To neutralize the analytical impacts of a tax’s income transfer, The Heritage Foundation modeled a scenario in which 100 percent of carbon-tax revenue is returned to taxpayers. While the macroeconomic impacts of a regulatory scheme or a carbon tax should be broadly comparable, economists generally agree that, in practice, a carbon tax induces desired responses more efficiently than regulations. Heritage analysis found that the U.S. economy would experience the following by 2030:
- An average employment shortfall of nearly 300,000 jobs;
- A peak employment shortfall of more than 1 million jobs;
- 500,000 jobs lost in manufacturing;
- An aggregate gross domestic product loss of more than $2.5 trillion (inflation-adjusted); and
- A total income loss of more than $7,000 per person (inflation-adjusted).
To make matters worse, the climate impact of the government’s climate plan will be almost too small to measure.
Opportunity for Congress to Lead
In the most recent State of the Union address, President Barack Obama affirmed he would not let “Congress endanger the health of our children by turning back the clock on our efforts” on climate change. Enacting climate regulations, however, will have no impact on the health of our children and our environment. In fact, the proposed climate regulations are endangering future generations by promising a world with less prosperity and opportunity.

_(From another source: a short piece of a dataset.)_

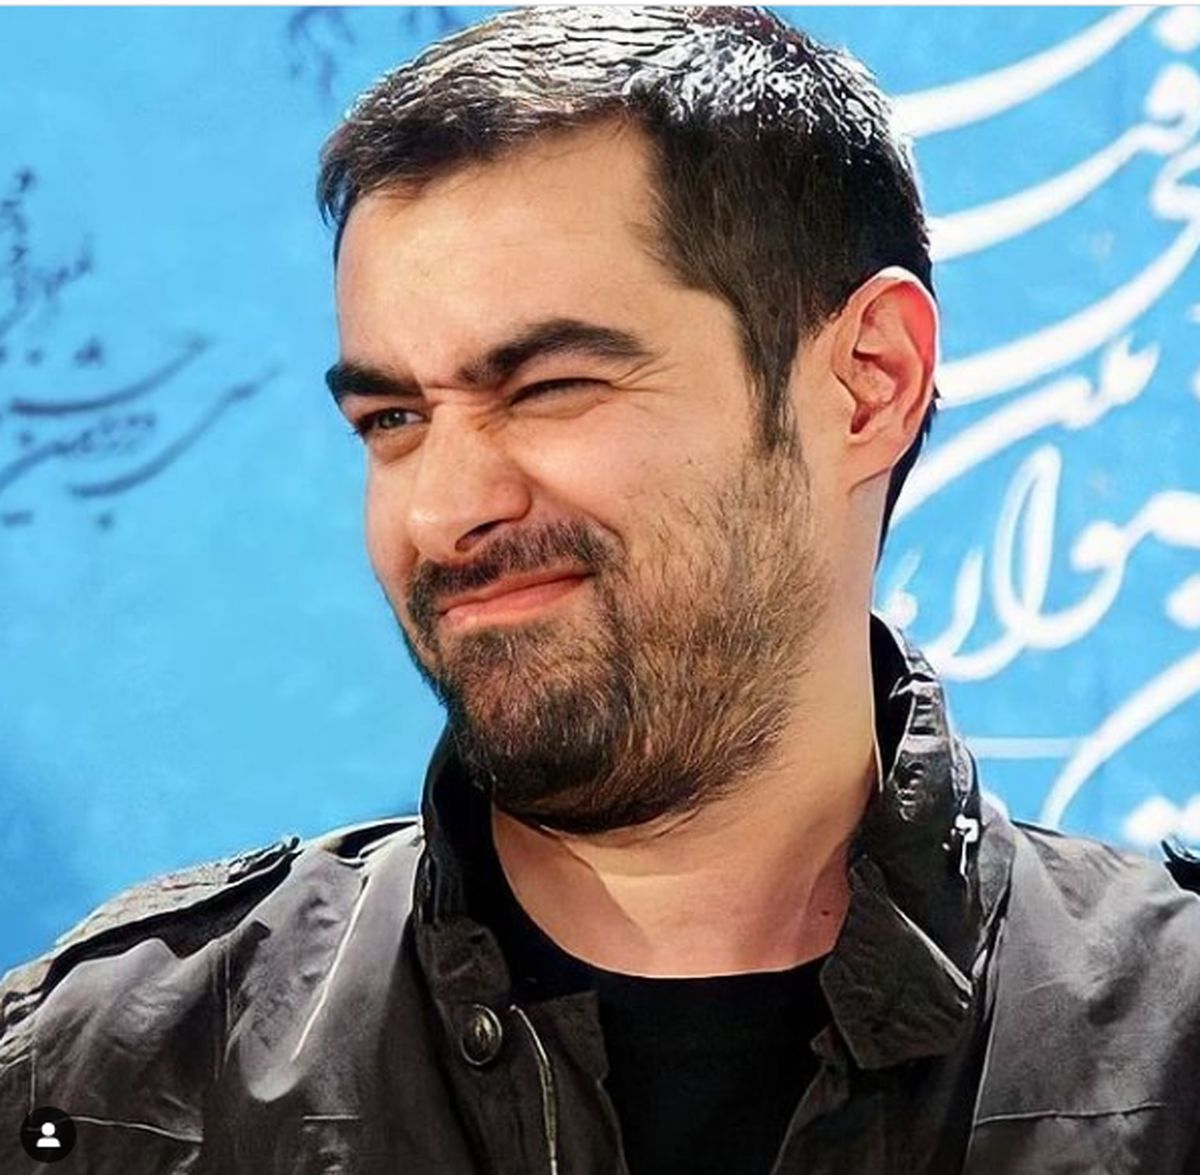 سوال عجیب شهاب حسینی از میترا حجار/ با پلنگ های خیابان چه کار کنیم؟!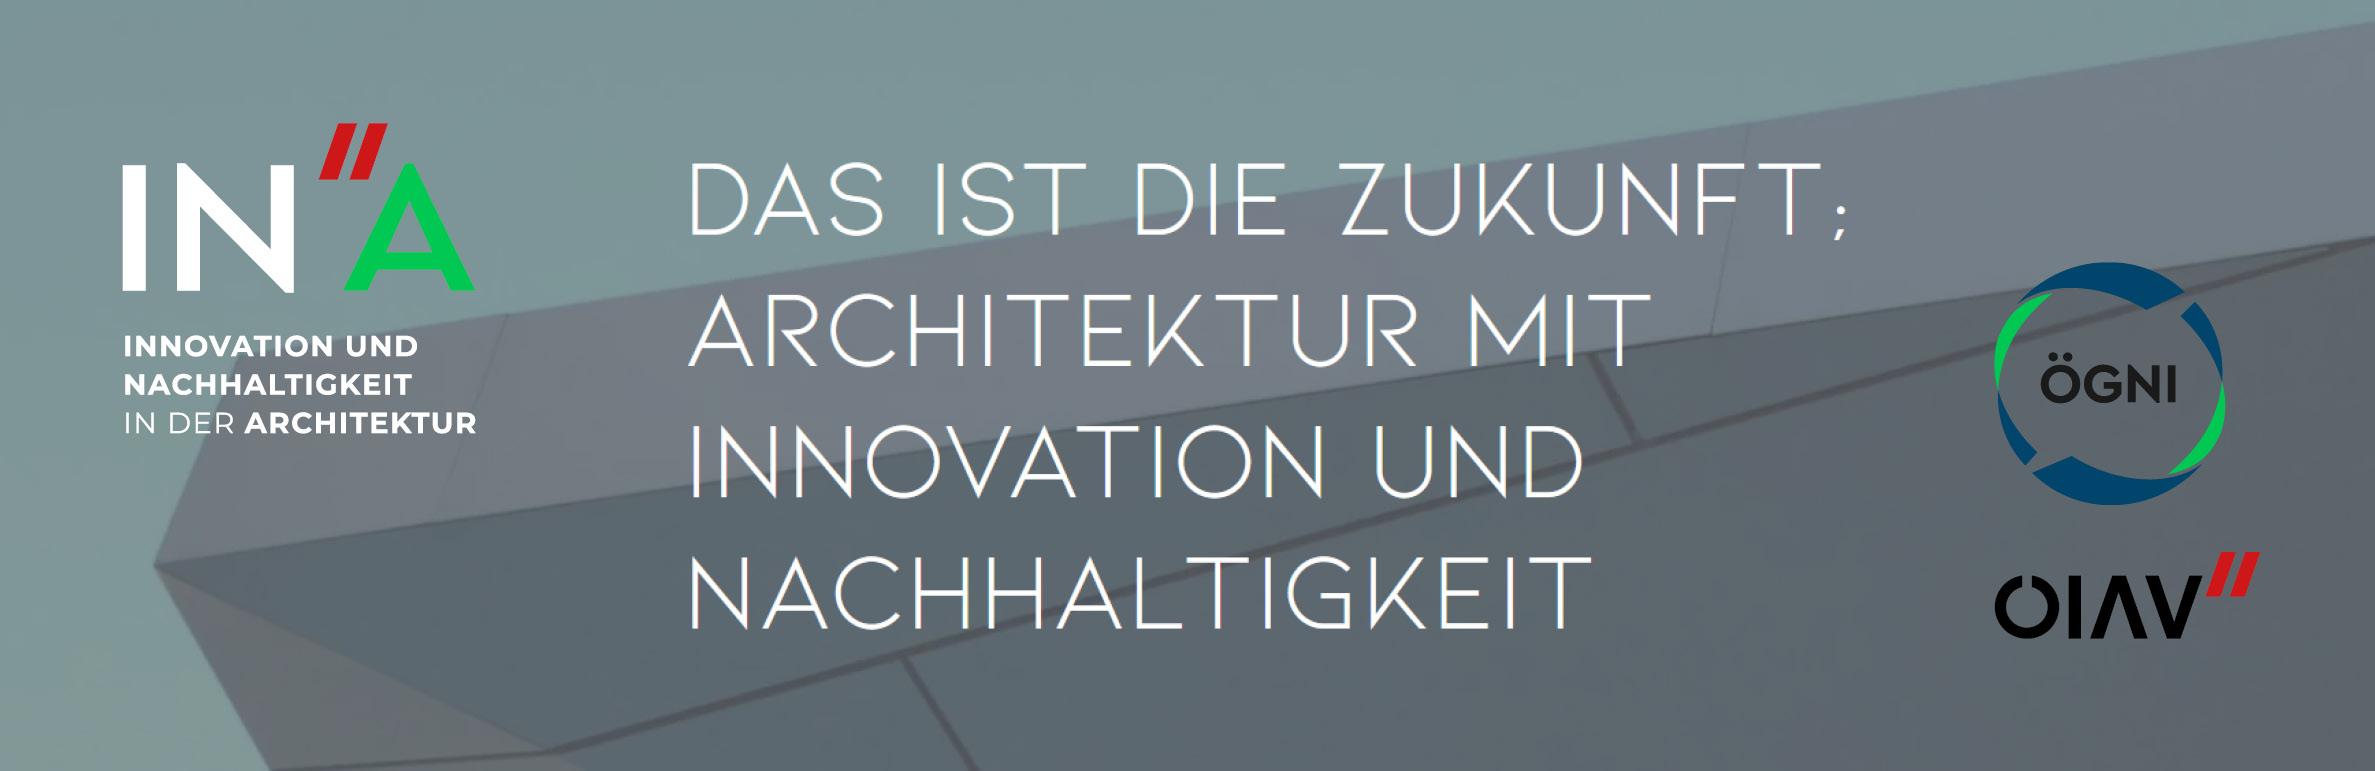 INA - Innovation und Nachhaltigkeit in der Architektur

Congress should do everything in its power to stop these regulations, including prohibiting any federal government agency from regulating methane, carbon dioxide, and other greenhouse gas emissions; using the Congressional Review Act when applicable to stop any final regulations; and using its budgetary authority to strip funding for the promulgation and enforcement of climate regulations.—Nicolas D. Loris is Herbert and Joyce Morgan Fellow in the Thomas A. Roe Institute for Economic Policy Studies, of the Institute for Economic Freedom and Opportunity, at The Heritage Foundation.